El reciente enfrentamiento entre Crystal Palace y Nottingham Forest en la Premier League ha generado una controversia significativa que involucra a los aficionados y a la FA. Durante el partido celebrado en Selhurst Park, los seguidores del Palace desplegaron una pancarta perturbadora con la imagen del propietario del Nottingham Forest, Evangelos Marinakis, apuntando con un arma a la cabeza del centrocampista Morgan Gibbs-White. Este acto ha llevado a la FA a abrir una investigación tras las preocupaciones expresadas por el club de Forest.
Detalles del incidente
En el partido del domingo, que terminó en un empate 1-1, los aficionados del Crystal Palace querían expresar su descontento por la reciente controversia que rodea a ambos clubes. La pancarta, además de mostrar a Gibbs-White, incluía un cuadro con un mensaje en un globo de diálogo que decía: “¡El Sr. Marinakis no está involucrado en chantajes, arreglo de partidos, tráfico de drogas o corrupción!”. También se podía ver a Marinakis sosteniendo una maleta repleta de dinero, a un expropietario minoritario del Palace representado como un payaso y un barco con su nombre.
Contexto de la rivalidad
La tensión entre Crystal Palace y Nottingham Forest ha estado presente desde que Forest ocupó el lugar del Palace en la UEFA Europa League, gracias a un fallo que sancionó al club londinense por violar las reglas de propiedad múltiple. Esto llevó a los aficionados del Palace a frustrarse aún más, dado que habían sido relegados a la Europa Conference League. La rivalidad y el clima hostil llevaron a la organización de un aumento de seguridad para este partido, consciente de las tensiones.
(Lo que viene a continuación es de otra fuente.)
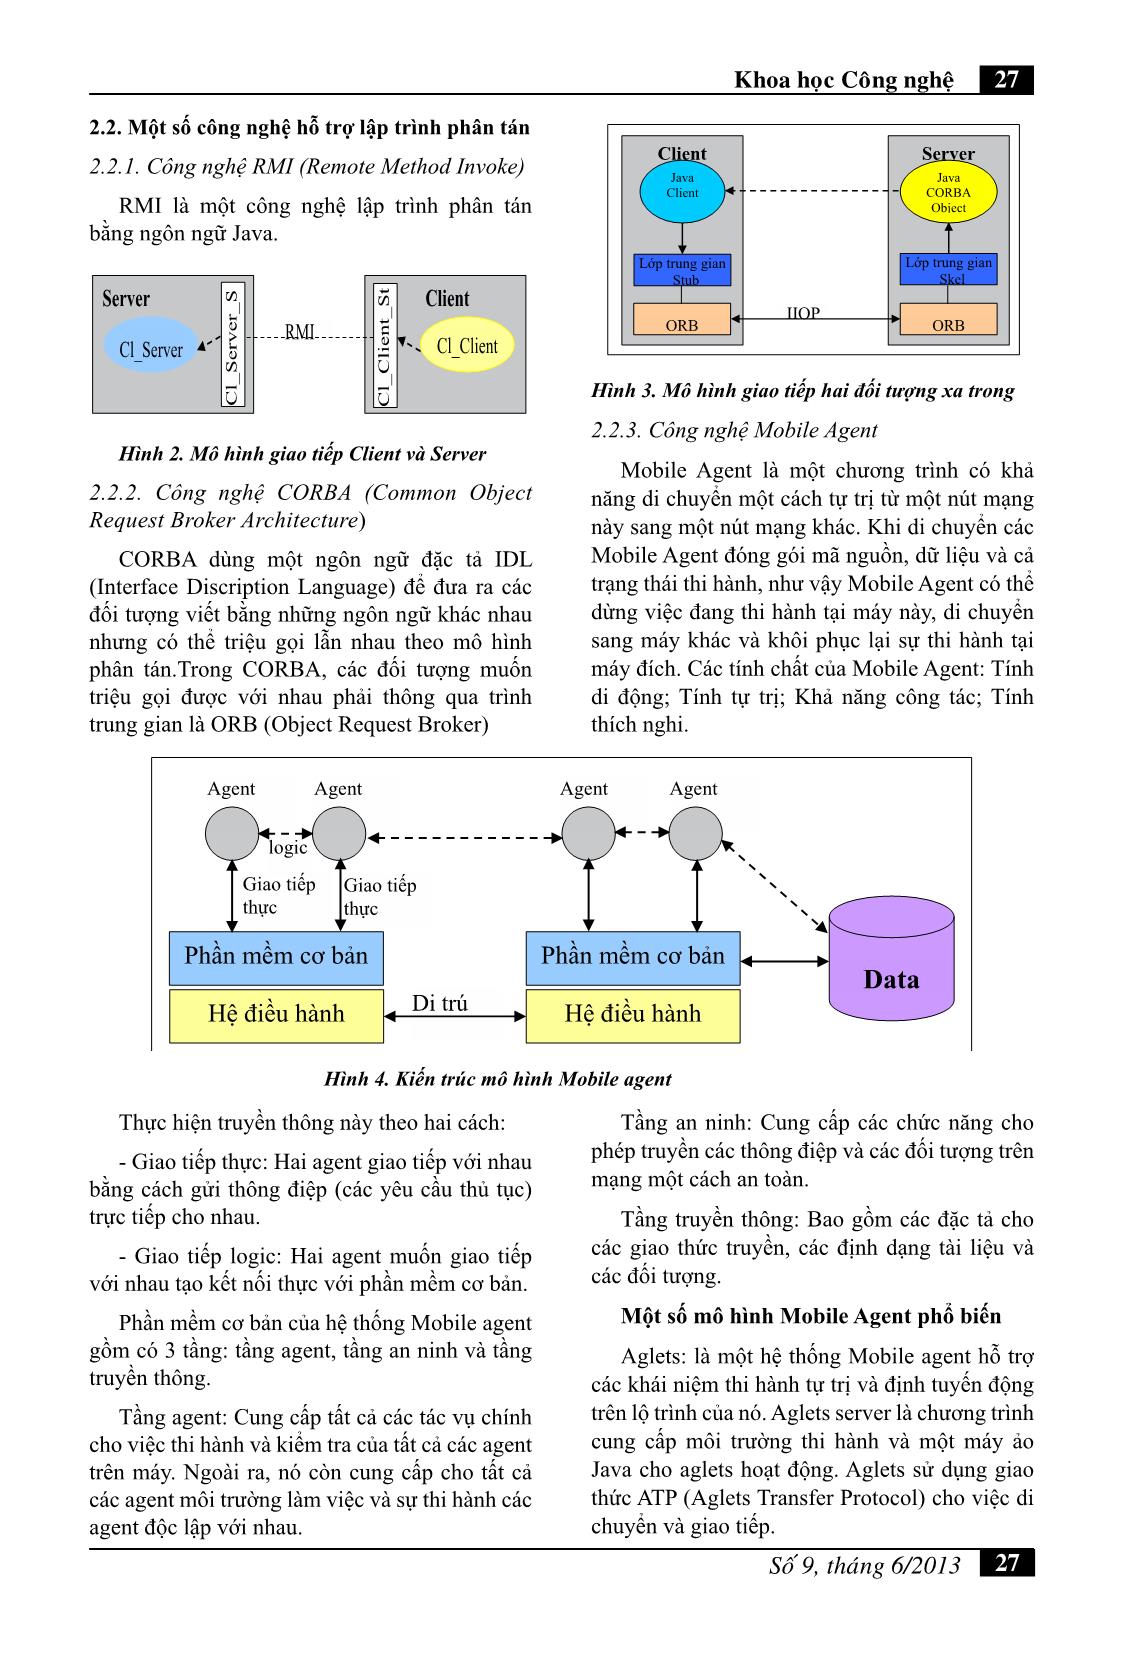 Lập trình phân tán dùng công nghệ Mobile Agent với sự hỗ trợ của Java và Voyager trang 2

Reacción de Nottingham Forest
Tras el despliegue de la pancarta, Nottingham Forest se mostró preocupado por la seguridad de sus jugadores y la imagen del club. Con el impacto de estos actos sobre la reputación y el entorno del fútbol en mente, la FA decidió investigar el incidente, indicando que las acciones de algunos aficionados podrían tener consecuencias serias.
¿Qué sigue?
A medida que la FA prosigue con su investigación, queda por ver si Crystal Palace sufrirá alguna sanción por el comportamiento de sus aficionados. Ambos equipos se enfrentarán de nuevo en el City Ground el 31 de enero, lo que podría resultar en otro encuentro apasionante y lleno de tensión. La rivalidad en aumento promete mantener a los aficionados al borde de sus asientos.